Mi allontano con la bustina di frittelle e le guardo brillare al sole: la crosta dorata e tonda splende attraverso la plastica come avessi in mano un sacchetto di gemme. Château Rouge si fa umile ai piedi della basilica del Sacro Cuore di Montmartre, proprio sotto alla collina invasa da turisti di tutto il mondo, eppure nessuno dei loro flash illumina via Dejean.
Le persone tra i banchi di frutta e verdura sono di qui, di Parigi, ma la maggior parte non vive in questo arrondissement. Che si venga dal Congo, dal Senegal o dalla Costa D’Avorio, il mercato di Château Rouge ha quello che serve per preparare il tuo saka-saka o lo yassa o il kedjenou. I manifesti coprono ogni muro, parlano senza fermarsi mai. Raccontano della “Serata Ghanese”, di quella del Sierra Leone; promettono la pace eterna alla prossima riunione della chiesa pentecostale, di quella evangelica, di quelle indipendenti. È festa, religione, conferenze sulla “maledizione nera”.

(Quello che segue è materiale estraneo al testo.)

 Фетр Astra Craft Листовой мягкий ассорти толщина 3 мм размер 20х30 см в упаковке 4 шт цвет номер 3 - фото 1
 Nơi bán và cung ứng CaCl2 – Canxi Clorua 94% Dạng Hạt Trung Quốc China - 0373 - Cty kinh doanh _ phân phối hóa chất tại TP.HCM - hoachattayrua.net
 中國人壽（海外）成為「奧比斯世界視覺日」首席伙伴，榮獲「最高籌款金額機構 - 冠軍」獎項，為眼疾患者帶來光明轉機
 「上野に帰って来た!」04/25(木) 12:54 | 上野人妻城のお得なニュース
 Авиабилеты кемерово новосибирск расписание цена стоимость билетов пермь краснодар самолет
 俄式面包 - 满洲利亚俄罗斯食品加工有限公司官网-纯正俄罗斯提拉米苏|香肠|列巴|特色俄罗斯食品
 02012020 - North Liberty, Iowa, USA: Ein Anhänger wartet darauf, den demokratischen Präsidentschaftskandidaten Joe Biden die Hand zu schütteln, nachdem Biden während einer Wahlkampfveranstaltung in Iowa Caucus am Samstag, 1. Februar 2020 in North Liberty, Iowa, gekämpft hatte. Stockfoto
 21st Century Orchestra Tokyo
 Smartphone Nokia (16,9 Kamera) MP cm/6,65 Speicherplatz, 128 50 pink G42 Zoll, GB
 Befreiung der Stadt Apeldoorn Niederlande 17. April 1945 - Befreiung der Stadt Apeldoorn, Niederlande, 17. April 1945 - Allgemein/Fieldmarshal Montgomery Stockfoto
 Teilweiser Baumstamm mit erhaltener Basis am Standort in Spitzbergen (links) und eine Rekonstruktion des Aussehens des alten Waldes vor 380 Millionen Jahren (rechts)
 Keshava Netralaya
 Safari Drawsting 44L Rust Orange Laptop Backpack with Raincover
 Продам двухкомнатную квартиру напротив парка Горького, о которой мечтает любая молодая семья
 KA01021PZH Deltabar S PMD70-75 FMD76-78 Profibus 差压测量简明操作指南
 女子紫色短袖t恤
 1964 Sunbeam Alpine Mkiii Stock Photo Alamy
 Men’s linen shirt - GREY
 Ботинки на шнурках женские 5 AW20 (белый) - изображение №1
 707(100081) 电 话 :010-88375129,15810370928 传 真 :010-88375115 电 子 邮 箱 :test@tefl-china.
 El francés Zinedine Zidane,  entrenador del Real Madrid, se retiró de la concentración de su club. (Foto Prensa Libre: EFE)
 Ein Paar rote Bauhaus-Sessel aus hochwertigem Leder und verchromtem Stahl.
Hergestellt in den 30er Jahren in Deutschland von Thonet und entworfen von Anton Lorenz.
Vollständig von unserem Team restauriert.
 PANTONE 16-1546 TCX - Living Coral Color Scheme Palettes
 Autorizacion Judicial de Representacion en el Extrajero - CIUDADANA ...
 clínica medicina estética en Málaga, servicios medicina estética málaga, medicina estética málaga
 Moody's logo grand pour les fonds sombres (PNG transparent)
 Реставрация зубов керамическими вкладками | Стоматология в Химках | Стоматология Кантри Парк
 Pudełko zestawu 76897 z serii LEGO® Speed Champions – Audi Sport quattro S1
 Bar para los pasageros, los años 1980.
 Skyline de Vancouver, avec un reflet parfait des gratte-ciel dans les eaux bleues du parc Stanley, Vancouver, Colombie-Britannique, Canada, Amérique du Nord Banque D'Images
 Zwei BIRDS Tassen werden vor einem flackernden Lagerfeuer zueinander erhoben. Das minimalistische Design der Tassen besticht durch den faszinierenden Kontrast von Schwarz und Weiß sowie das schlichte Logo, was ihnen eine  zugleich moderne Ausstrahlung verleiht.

Apro la bustina e affondo i denti nella prima delle frittelle nigeriane: l’impasto di fagioli è soffice e piccante, lo sento scrocchiare, poi piegarsi e pungere. Il peperoncino e la cipolla si combinano insieme per scuotermi e lasciarmi affamato, impaziente di mordere la seconda akara e la terza e le finisco prima di rendermene conto.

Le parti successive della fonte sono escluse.